I'm not sure about the pendant. You may need two to cover the length of the tank, but if you are only growing mosses and ferns one will be enough.

-John N.


----------



## eklikewhoa (Jul 24, 2006)

i say go for more! i started off with low lights and after seeing what a high light tank looked like i quickly rethought my tank and that meant rebuying some things and spending money twice. with the hanging light you could always hang them higher to get less lights into the tank but readily lower them to increase the lighting when you change your mind.


----------



## kkau1 (Jun 22, 2006)

Thanks for the replies.

Will a Metal halide be able to cover my whole tank? and would 2 150W pendents be too much?


----------



## AMP (Nov 11, 2006)

The 48" Orbit Is a Nice set up I have it on my 55, you need to specify to swap out the Atinic Bulbs for 65K bulbs, The rig can fit a rimless unit, or you can suspend the Unit from the ceiling.

The Two 65 PC's will give you 2.36WPG and with the Dual 65/10k Lites going in the afternoon hrs you are boosting to 4.72WPG's.
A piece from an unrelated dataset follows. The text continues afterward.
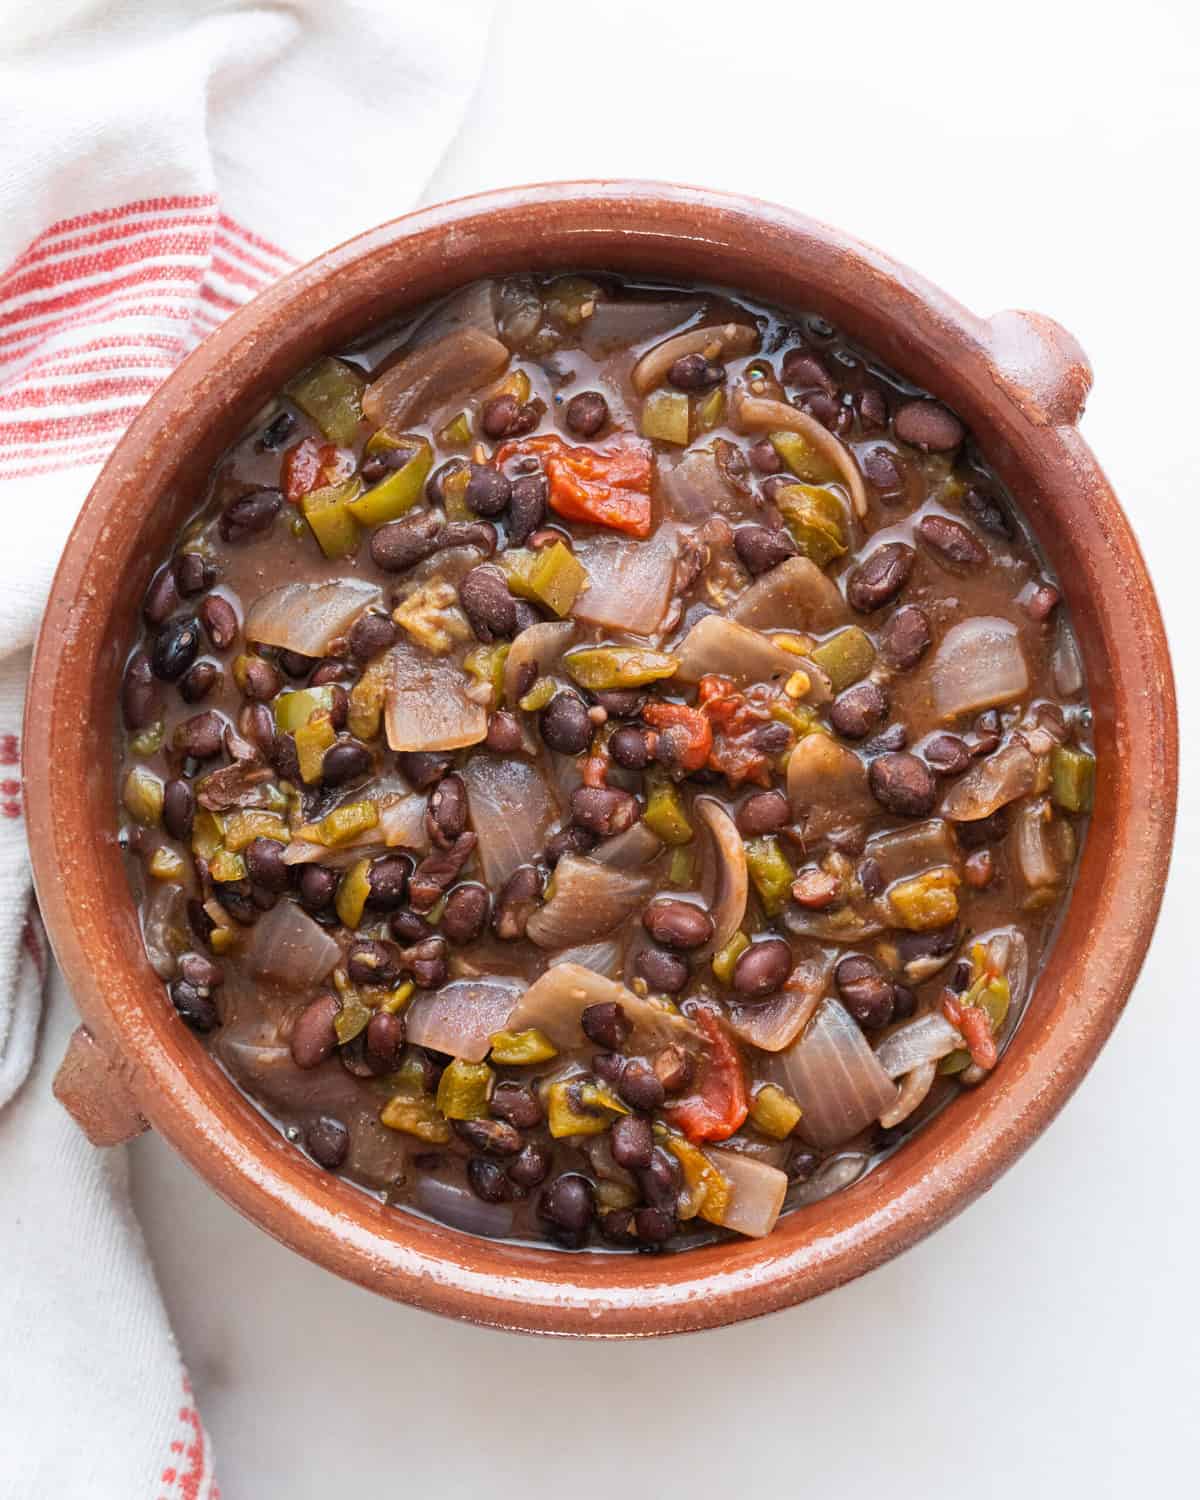 finished black bean chili in brown bowl against a white background
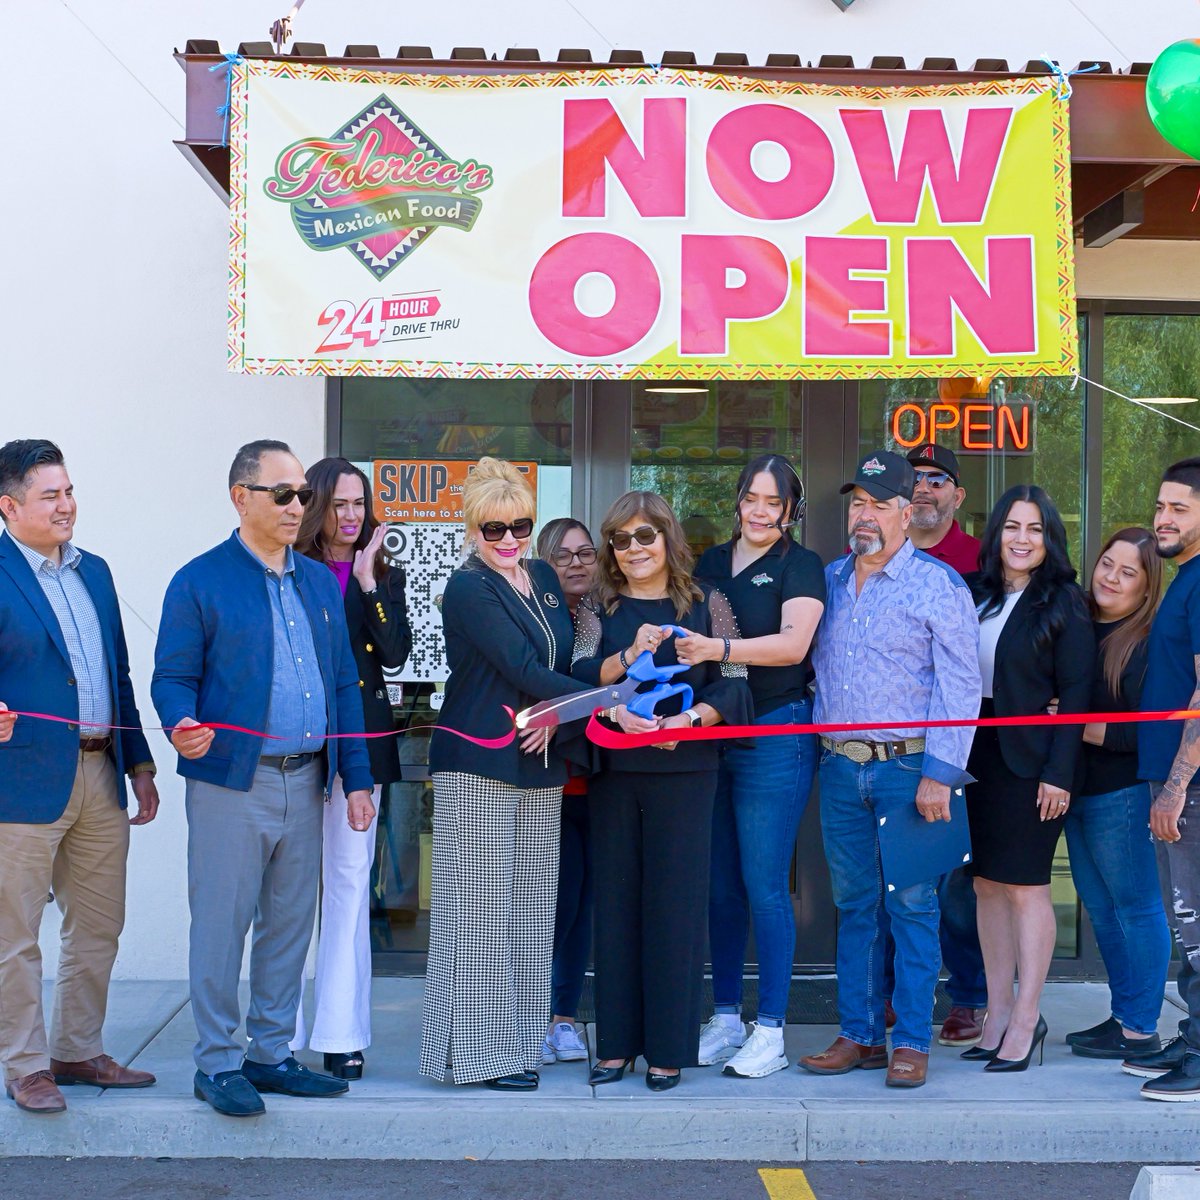 We love seeing our clients' businesses thrive! For more than 20 years, Federico Restaurants has been serving authentic Mexican food around the clock in Arizona and New Mexico. We are excited to support them as they expand their services by opening SIX new locations.

The Moon Lights in the evening are soothing to both the Fish and the Aquarius alike.

I read through here for Hrs on end prior to jumping on the bandwagon with High Lighting, I agree with eklikewhoa 110% High Lighting is the way to go, Along with CO2 the possibilities are endless


----------



## somethinsfishy (Dec 8, 2006)

A tek 4 bulb will be a lot of light. I believe that that some of the new light systems are going to have fans in the unit and the new ones will also have better reflectors. I don’t know when they will be coming out though. The fans blowing across the bulbs have been proven to increase the par by a lot. If you get one of the units without fans you could always add fan if you do not think you are getting enough light. I have a reef tank with 4 t5s and I am very very happy with them. The bulbs last forever and the reflectors really put out the light. I do love the way metal halides make the water shimmer though. But they are pretty expensive and get hotter that crap.


----------